To counter this, brands are showing their customers greener products and services can be high quality, with an enhanced experience that matches or exceeds those of less sustainable offerings.

Digital delight

Reducing packaging to cut waste could lead to a dull, forgettable unboxing experience, so Zara used technology to create an exciting, enhanced engagement moment without resorting to extra materials.

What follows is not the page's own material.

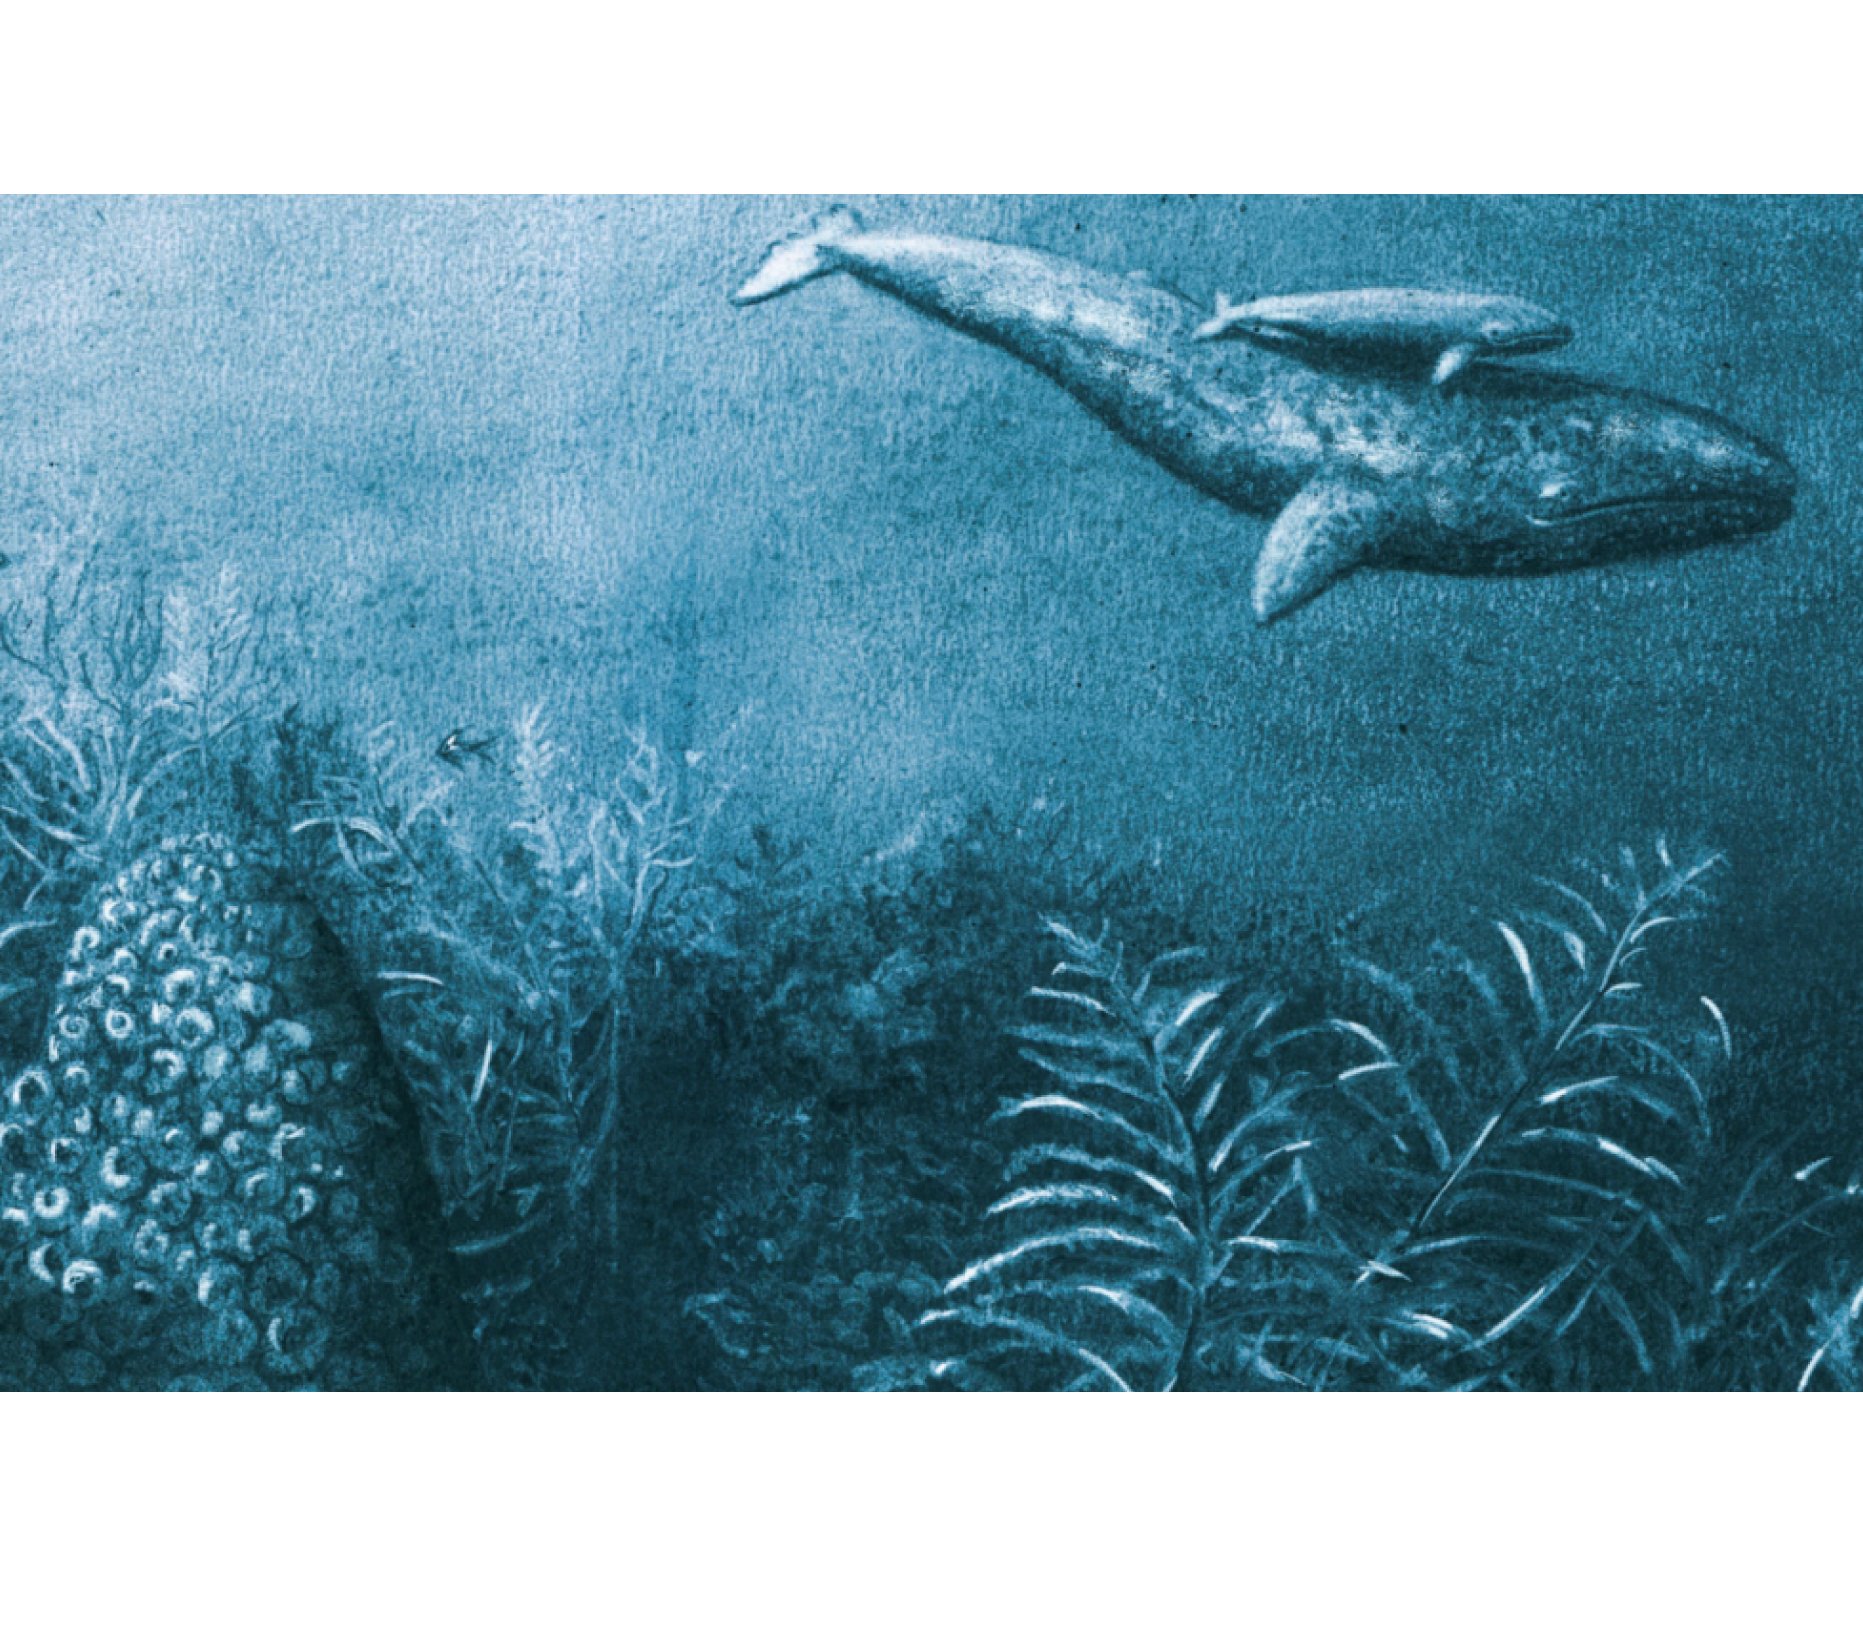 jo-weaver-whales-swimming-illustration.jpg

During the Augmented Reality campaign, customers could point their phone camera at a delivery package to reveal a magical visual of a model twirling around, sporting the new collection on top of the box.

Zara, Augmented Reality

 

Minimalist masterpiece

The HP Chromebook is an affordable device targeted at lower income consumers. But that does not mean its experience is any less green or considered. The packaging design provides maximum protection from factory to consumer, it has a sleek, minimalist, contemporary aesthetic, and it utilises sustainable materials such as compostable potato-based pulp to minimise environmental impact.

HP Chromebook 11

 

Stylish and sustainable

Victory, an award winning distillery, delivers its high quality, cold-distilled gin in sustainable packaging, both on- and off-trade. Bars and restaurants receive recyclable 20 litre kegs of gin, with a weight saving of 20kg. And the at home refillable gin service pairs a stylish, minimal bottle design with refillable, plastic-free eco-pouches, showing that quality and sustainability go hand in hand.

Victory London Distillery

 

The case for sustainability and using less is likely to resonate differently in a post-Coronavirus world. We have been forced to slow down, to produce and consume less. As a result, we have already seen a reduction in air pollution in a number of cities worldwide.[14] It’s a chance for brands to rethink their offer, to re-evaluate the meaning of “the needs of the present” and deliver true value and quality for people and planet.